Günstige Schnüre gehen ganz gut. Das Vorfach muss die größte Gewalteinwirkung abpuffern. Ich habe gute Erfahrungen mit Comoran Cortest Feeder gemacht, konnte aber auch mit diversen No-Name Produkten punkten.

Schnur wird meiner Meinung nach extreme überbewertet, meistens sind sie alle einer ähnlichen Qualität. Natürlich gibt es auch Sonntags-Chargen und Ringelnattern zum sofortigen Abspulen, kam mir aber selbst bei Schnüren zum Schnapperpreis von Behr zu 1€ 400 Meter nicht vor.


----------



## RuhrfischerPG (17. Juni 2017)

*AW: Method Feedern*



Fantastic Fishing schrieb:


> Günstige Schnüre gehen ganz gut. Das Vorfach muss die größte Gewalteinwirkung abpuffern. Ich habe gute Erfahrungen mit Comoran Cortest Feeder gemacht, konnte aber auch mit diversen No-Name Produkten punkten.



Würde ich unterschreiben.

Hab auf 2 Spulen noch eine Stroft LS..würde ich zu dem Kurs aber nicht noch mal holen.
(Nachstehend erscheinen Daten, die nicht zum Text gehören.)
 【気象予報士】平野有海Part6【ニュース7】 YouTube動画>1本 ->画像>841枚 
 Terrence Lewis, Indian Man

Da gibts Schnüre mit besseren P/L
Verhältnis.

'Ne Carbotex Sensitive oder auch Carbotex Feeder (Angeldomäne) verrichten ihren Dienst auch gut und unauffällig.

Falls erhöhte Abriebfestigkeit erwünscht ist,kann ich auch die
Browning Cenex Plummet Method
Feeder empfehlen.


----------



## Fantastic Fishing (17. Juni 2017)

*AW: Method Feedern*



RuhrfischerPG schrieb:


> Würde ich unterschreiben.
> 
> Hab auf 2 Spulen noch eine Stroft LS..würde ich zu dem Kurs aber nicht noch mal holen.
> 
> ...



Ich hab die Stroft gefischt, hebt sich ein wenig ab, aber weder von der Dehnung noch vom Durchmesser das, was drauf steht. Ich Schnüre gefischt zu einem Zehntel des Preises, ich habe weder besser noch schlechter gefangen, geschweige denn Fische im Drill verloren.
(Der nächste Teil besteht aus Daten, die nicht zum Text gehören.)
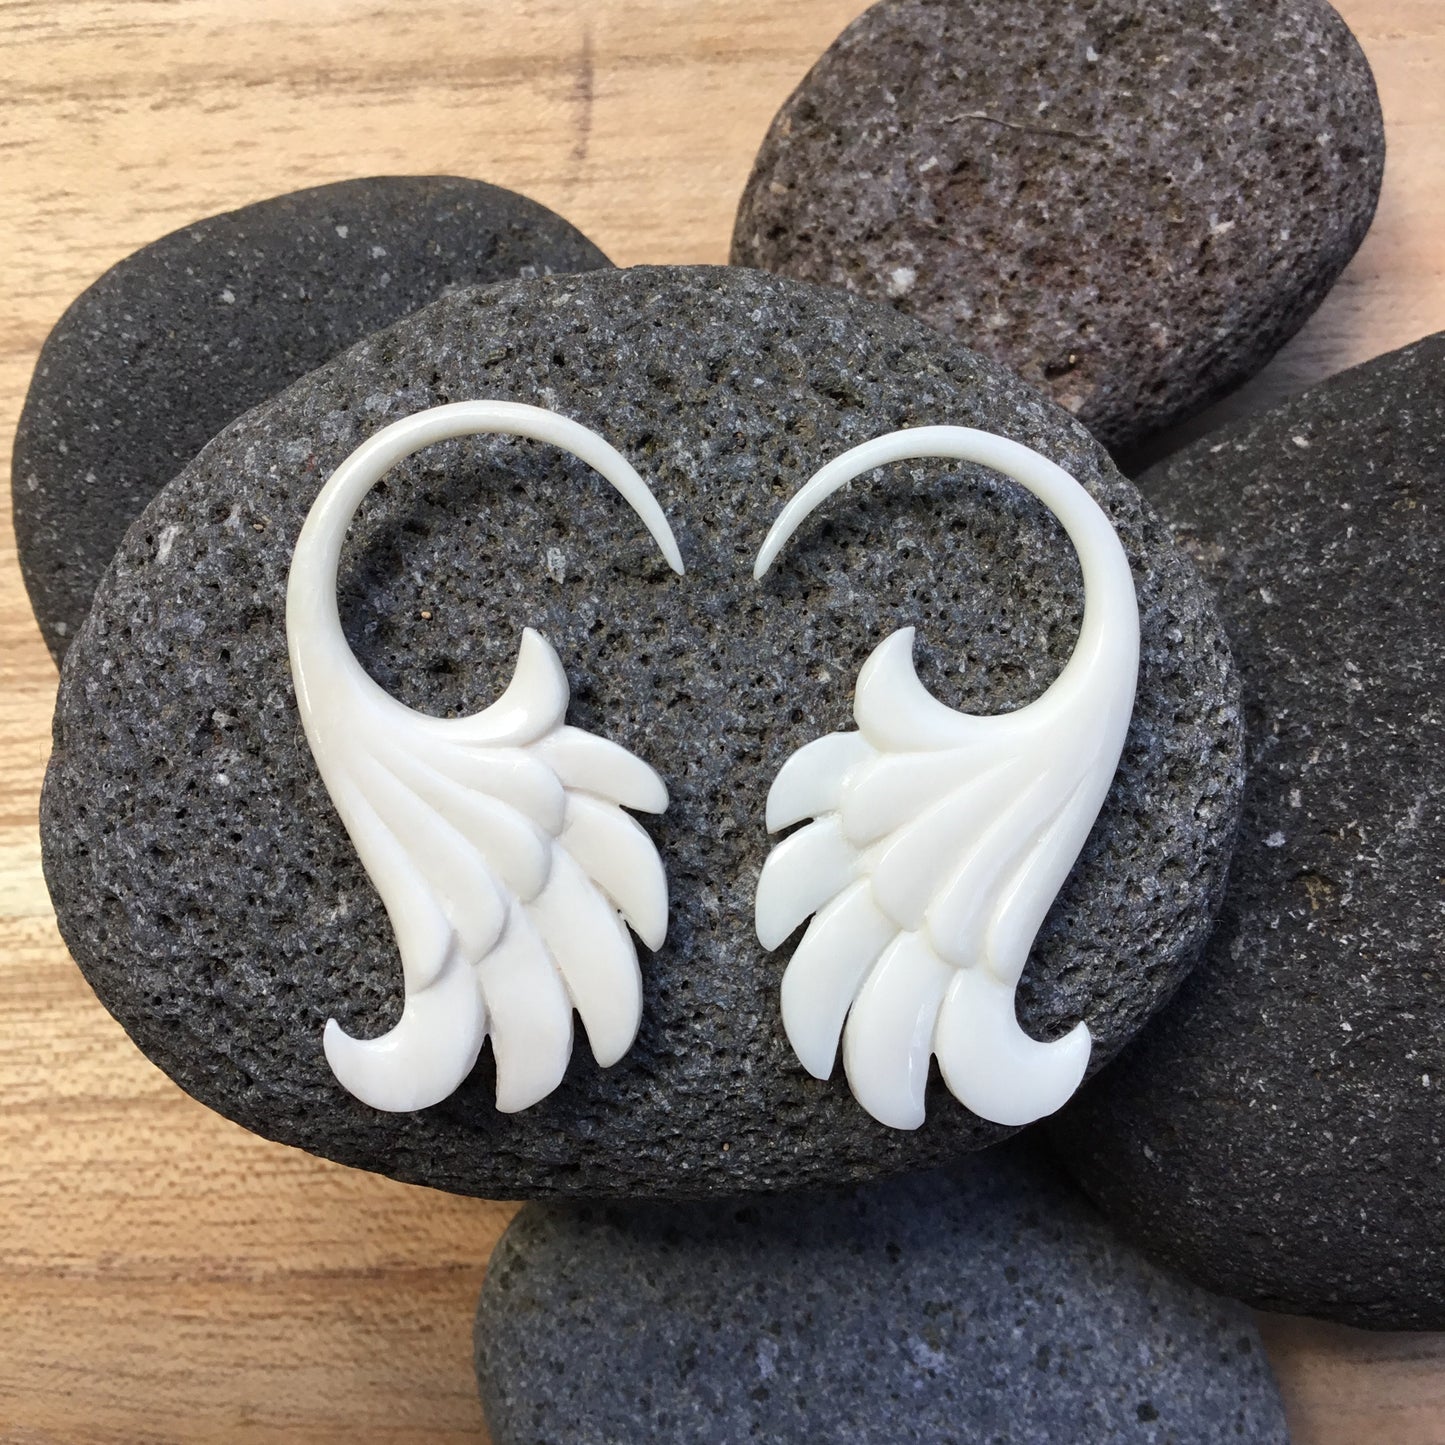 Wings. Bone 12g gauge earrings.

Wenn ich 100 Meter werfen will kann jedes Detail entscheidend sein, aber bei den meisten Sessions reicht der Wurf bis 25 Meter.


----------



## mittellandchannel (17. Juni 2017)

*AW: Method Feedern*

habe mich für die Carbotex Feeder entschieden. Danke!


----------



## RuhrfischerPG (17. Juni 2017)

*AW: Method Feedern*



Fantastic Fishing schrieb:


> Ich hab die Stroft gefischt, hebt sich ein wenig ab, aber weder von der Dehnung noch vom Durchmesser das, was drauf steht.



Yepp..und neben den von dir genannten Punkten,finde sie auch 'nenTick zu hart/drahtig.
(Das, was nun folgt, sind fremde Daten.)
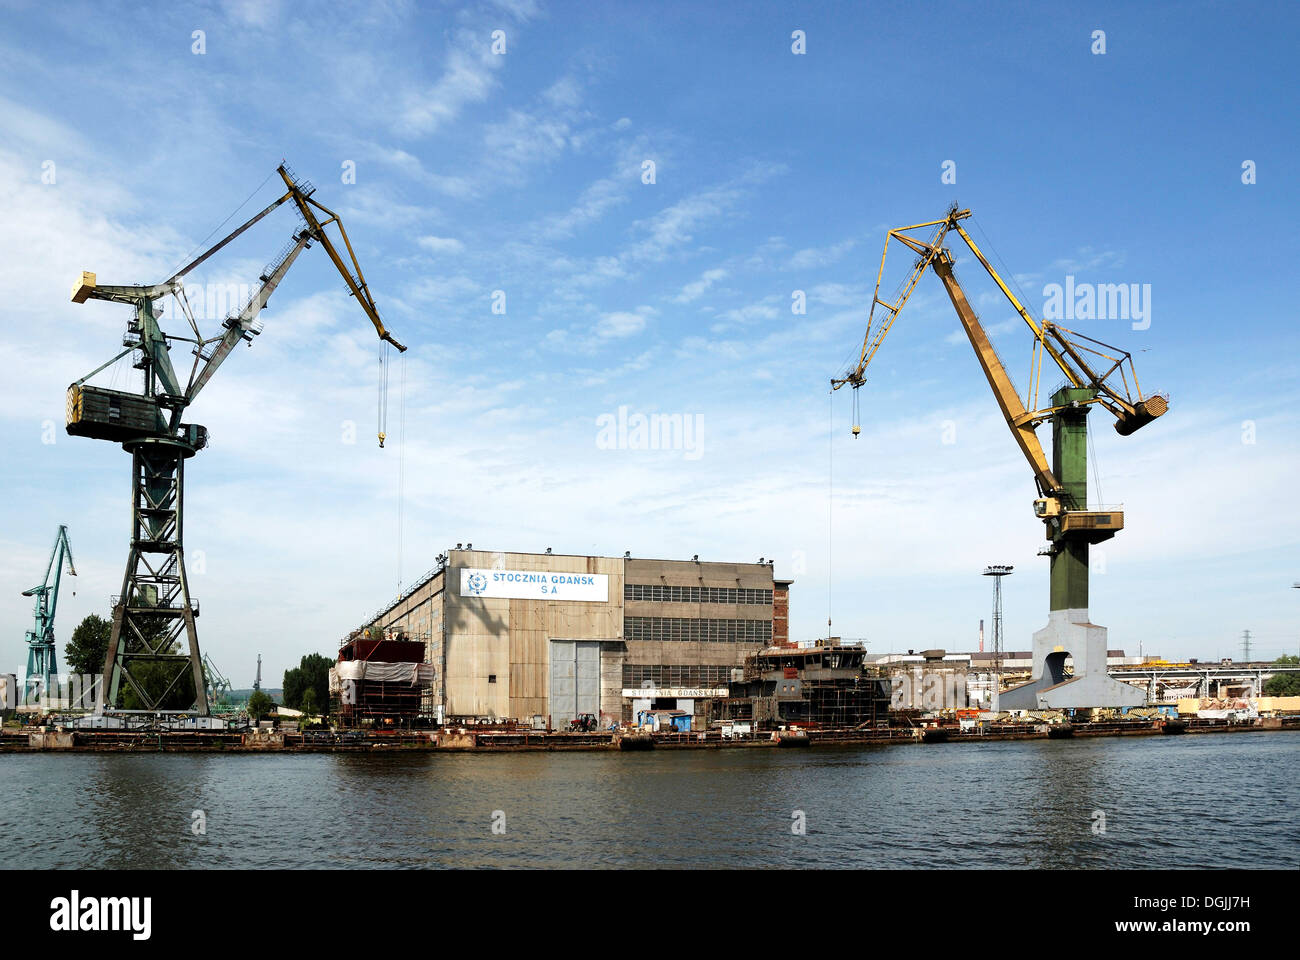 Polnischen Werft Stocznia Gdańsk an der Weichsel - Lenin-Werft von 1950 bis 1990. Stockfoto

Fantastic Fishing schrieb:


> Wenn ich 100 Meter werfen will kann jedes Detail entscheidend sein, aber bei den meisten Sessions reicht der Wurf bis 25 Meter.



Korrekt..und selbst 40- 50m stellen für die meisten der heutigen Monos unter Normalbedingungen kein Problem dar.


----------



## Fantastic Fishing (17. Juni 2017)

*AW: Method Feedern*



RuhrfischerPG schrieb:


> Yepp..und neben den von dir genannten Punkten,finde sie auch 'nenTick zu hart/drahtig.
> 
> 
> 
> Korrekt..und selbst 40- 50m stellen für die meisten der heutigen Monos unter Normalbedingungen kein Problem dar.




Ich hatte mir mal eine Schnurrolle im Angebot von Balzer geholt, 18er in Rot, 5000 Meter für 9,99 Euro. Ich dachte dann, diese Schnur wäre von der Dehnung zu heftig um auf Distanz zu Feedern. Eine ausgewiesene Schnur von einem Markenhersteller zum Feedern bestellt, aufgespult.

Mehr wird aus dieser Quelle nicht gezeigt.